▶ Exercise data:
——————————

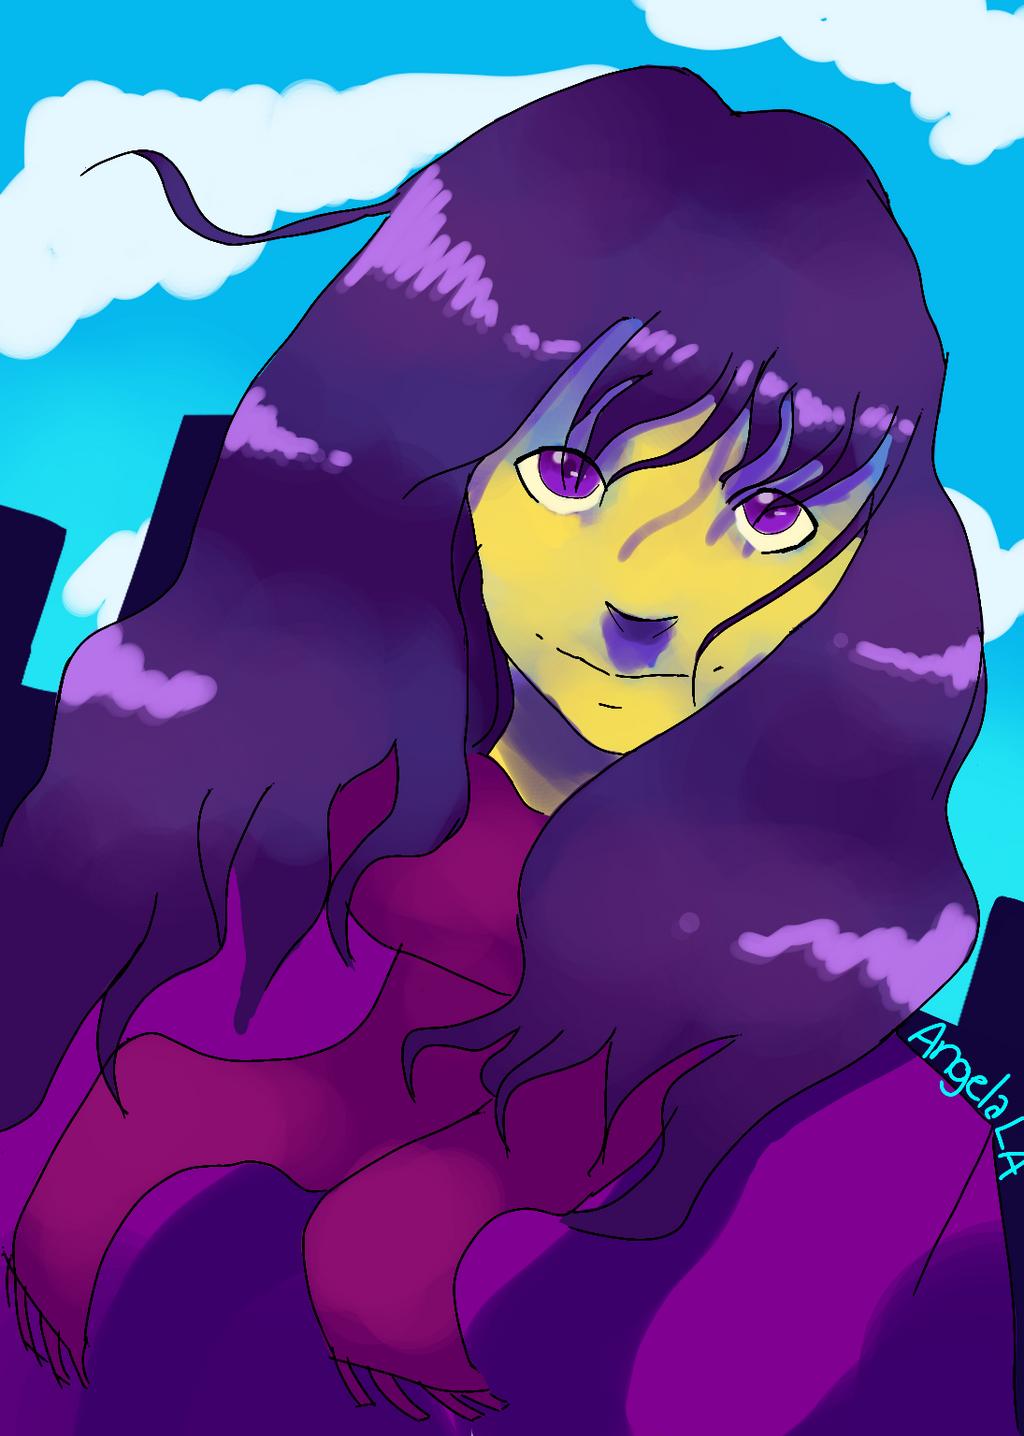 Purple Hair, Blue Sky by Muuluzi
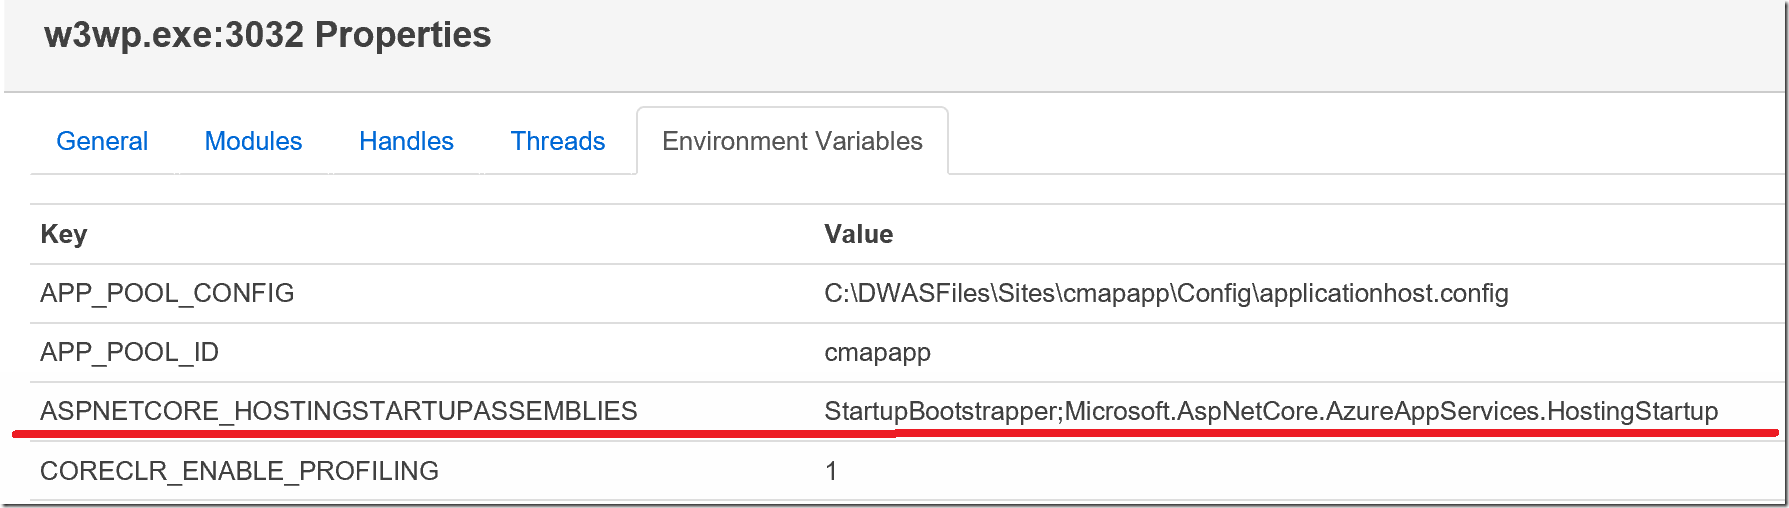 Azure App Service Worker Process Environment Variables
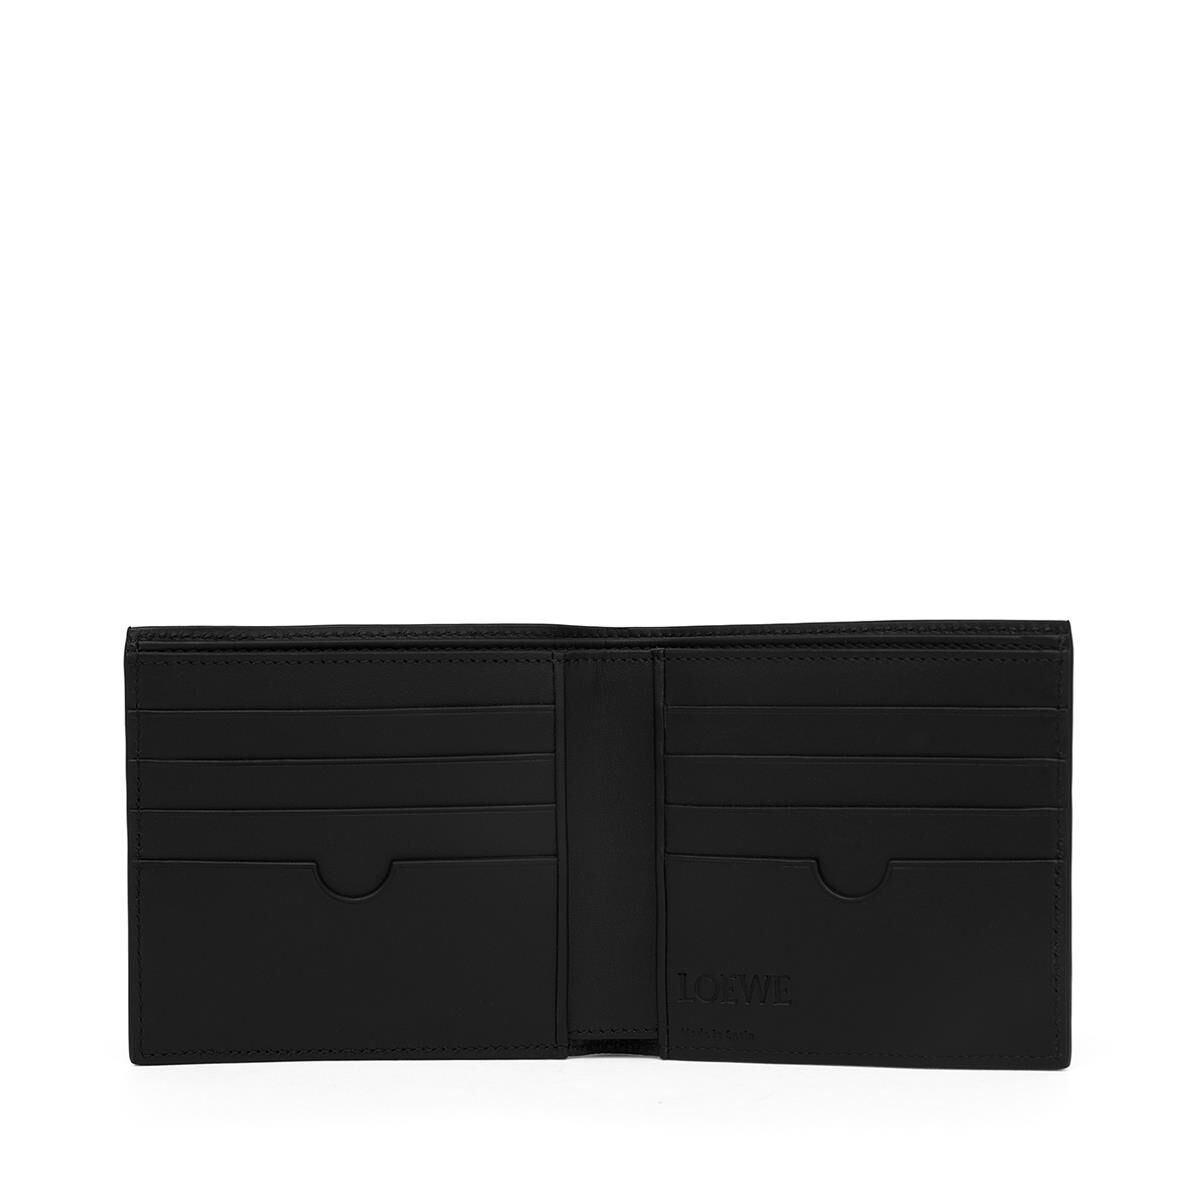 LOEWE Bifold Wallet 黑色 all

——————————

▶ Exercise details:
Here the job is to print the data above exactly, except for any pictures.

▶ Task solution:
 Purple Hair, Blue Sky by Muuluzi
 Azure App Service Worker Process Environment Variables
 LOEWE Bifold Wallet 黑色 all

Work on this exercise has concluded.